DATASET EXTRACT: Begin
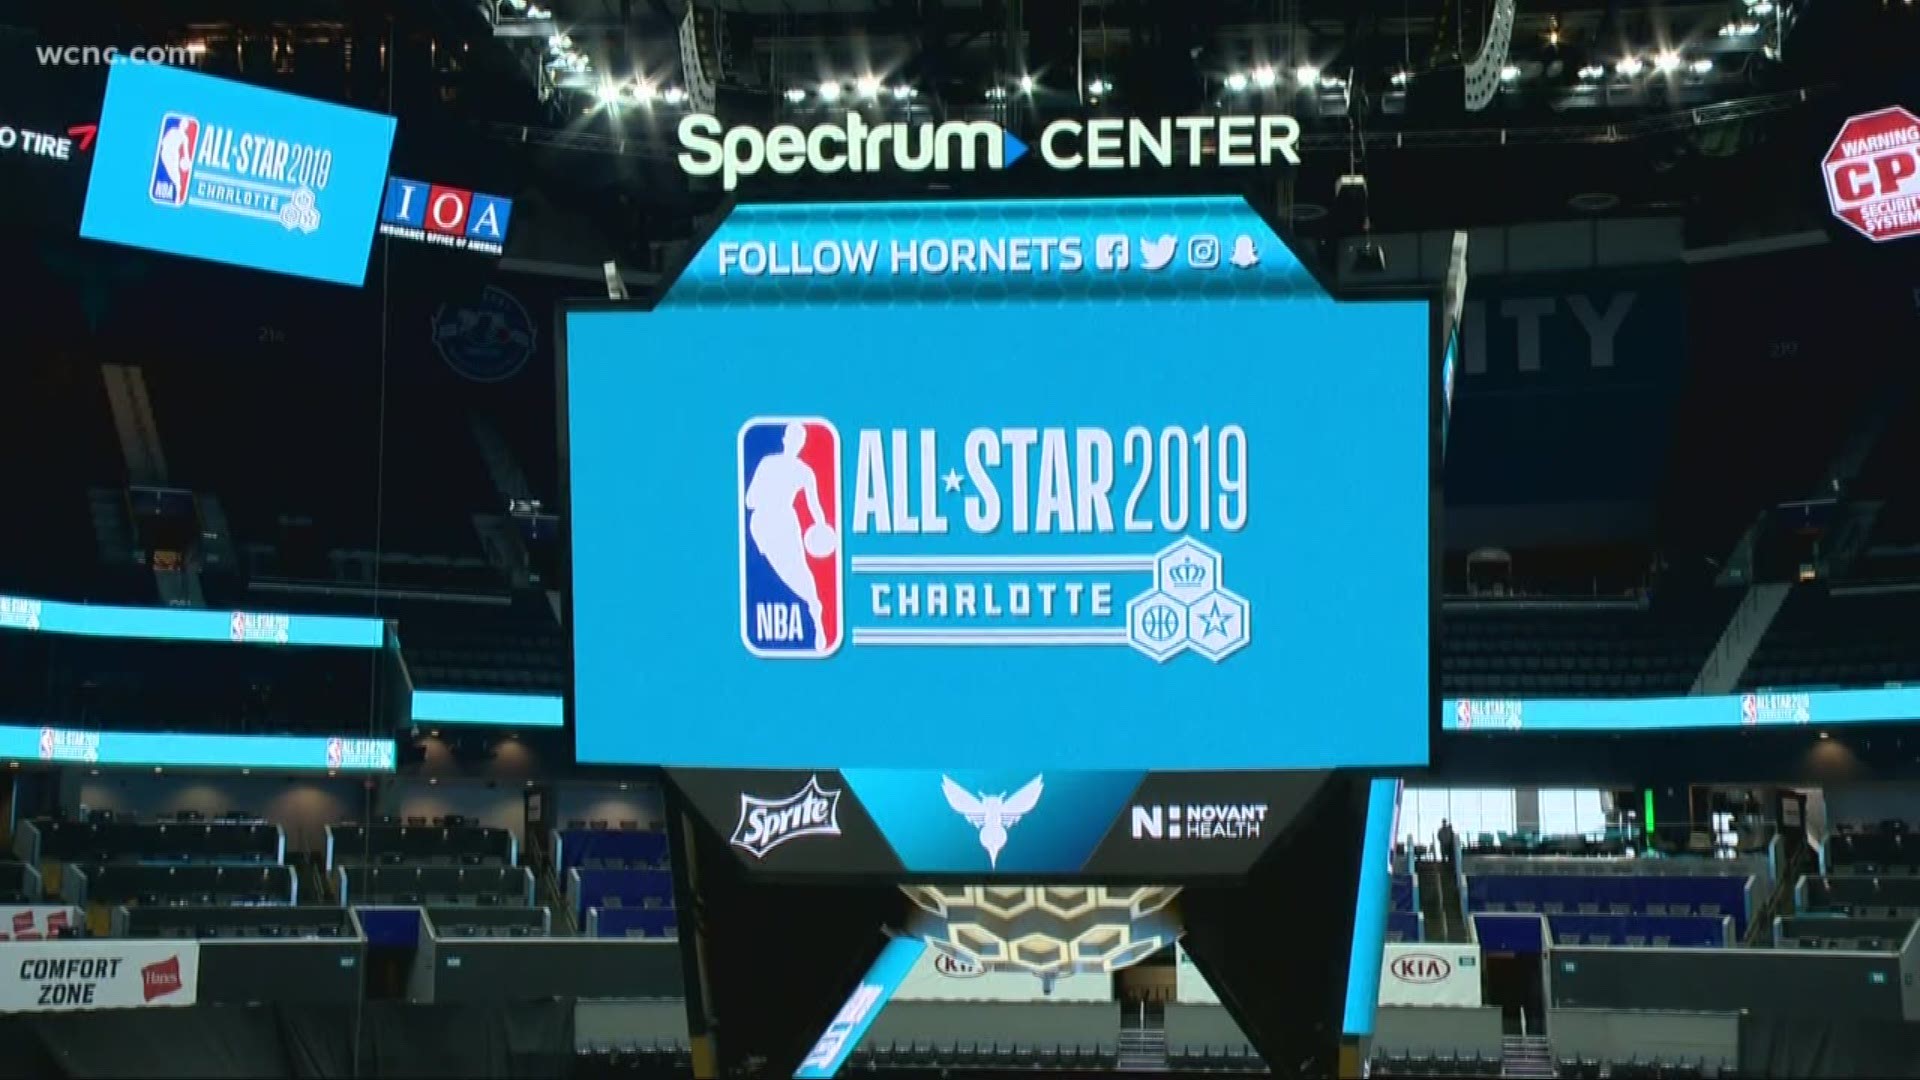 Charlotte city leaders are finalizing their plans for a citywide transformation for the upcoming 2019 NBA All-Star Game weekend.
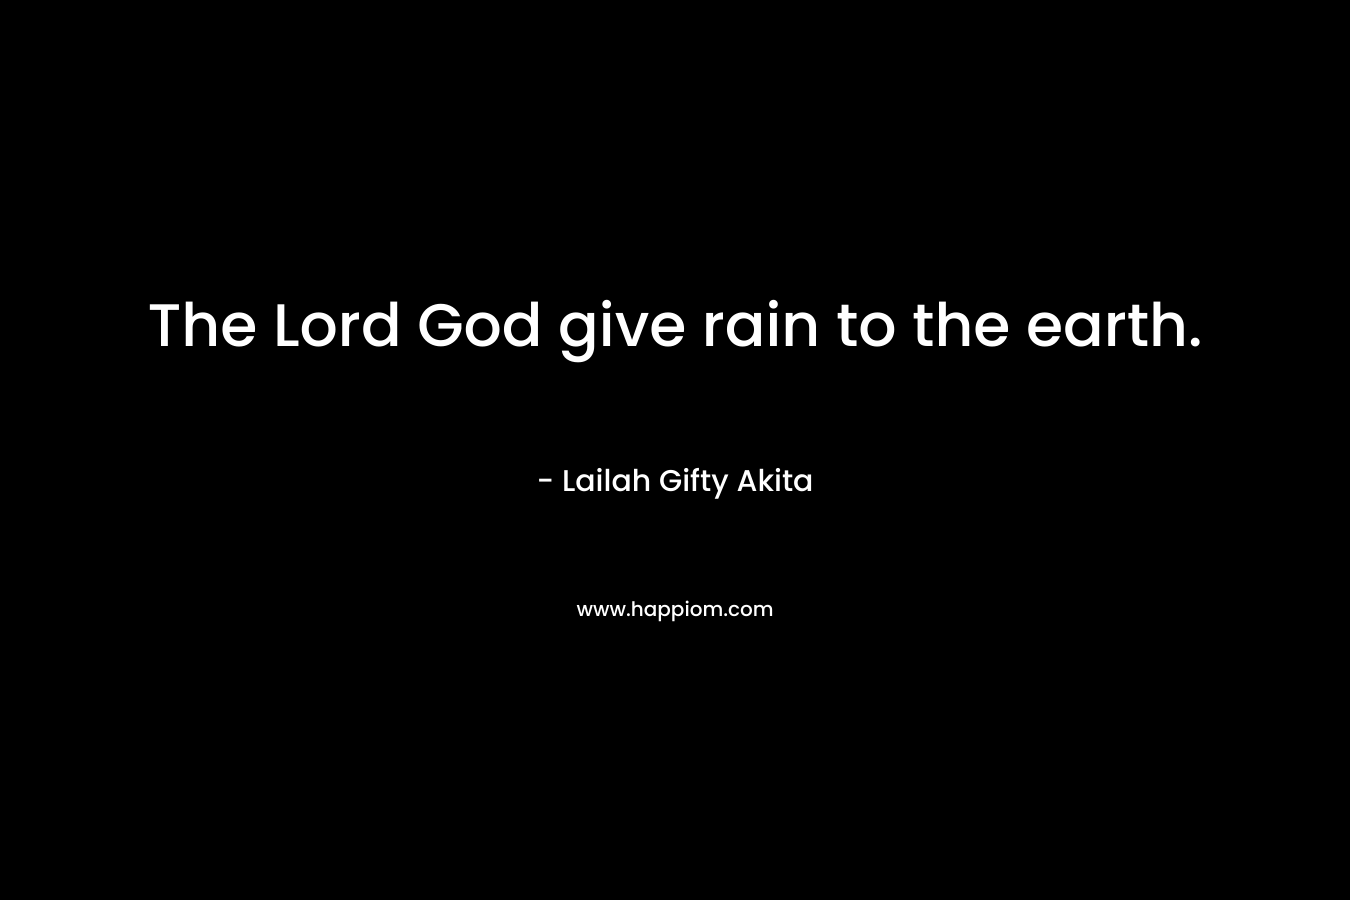 The Lord God give rain to the earth.
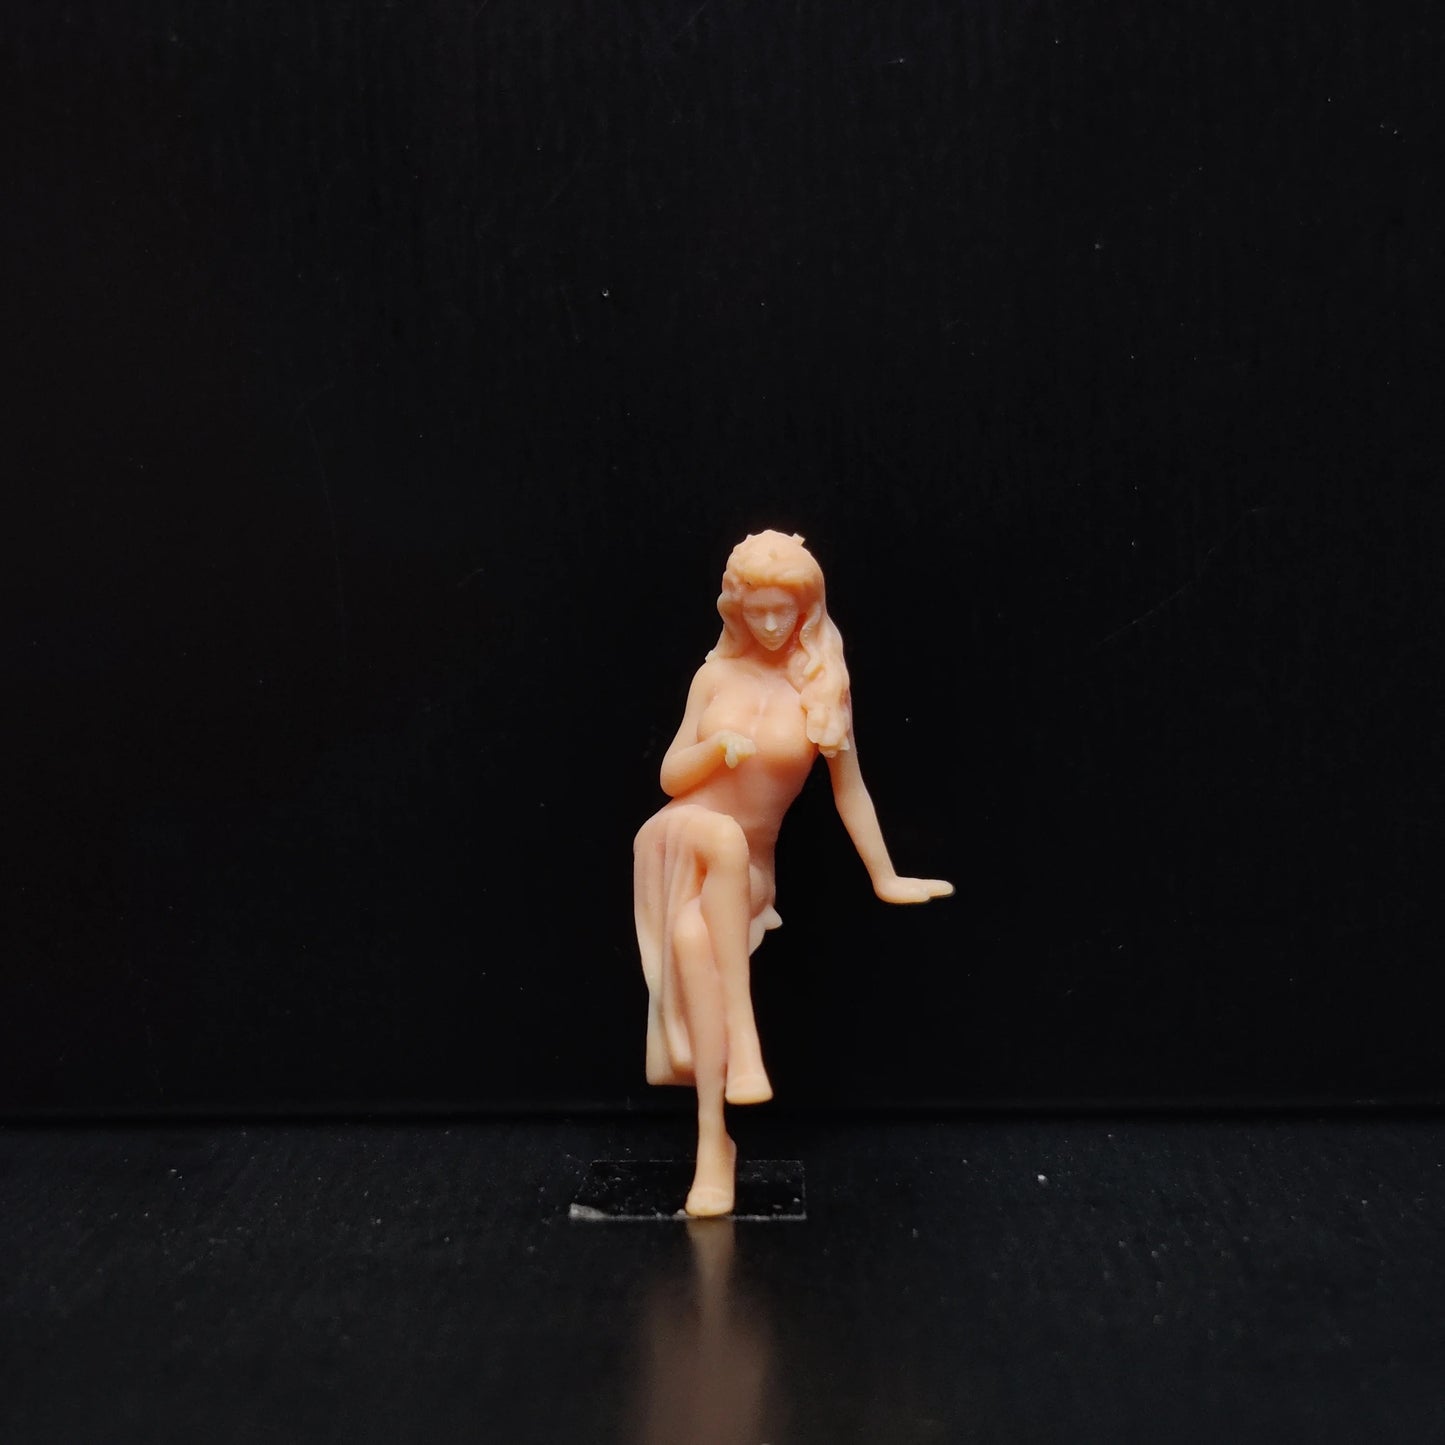 1/64 1/43 Scale Model ResinFemale with Sitting Posture and Textured FeetUncolored Miniature Diorama Hand-painted T524
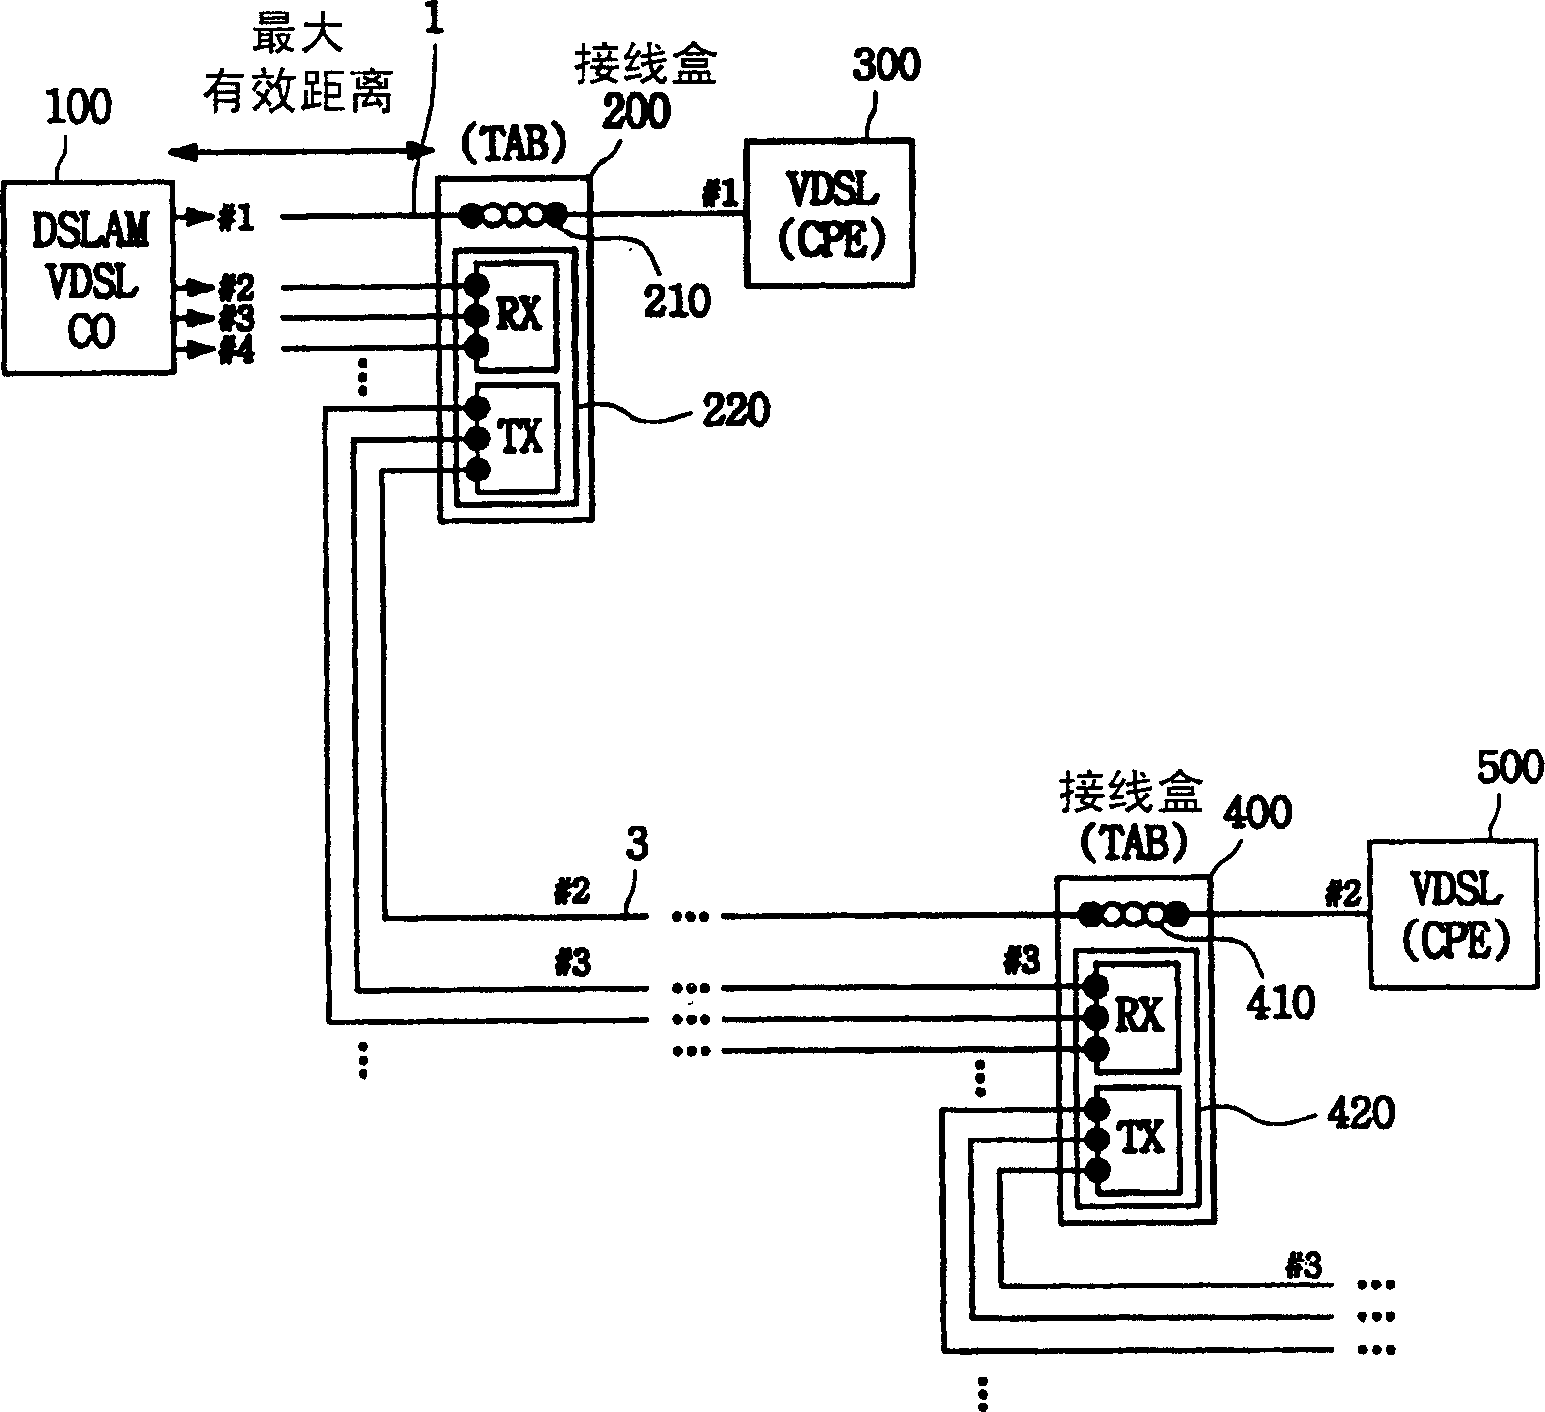 System for extending distance of x digital subscriber line using reserved telephone line
DATASET EXTRACT: End
TASK OBJECTIVE -> All that is needed is an exact copy of the lines from the line with "The Lord God give rain to the earth." through the end of the listing, both ends included, with no pictures.

WRITTEN RESPONSE ->
 The Lord God give rain to the earth.
 1/64 1/43 Scale Model ResinFemale with Sitting Posture and Textured FeetUncolored Miniature Diorama Hand-painted T524
 System for extending distance of x digital subscriber line using reserved telephone line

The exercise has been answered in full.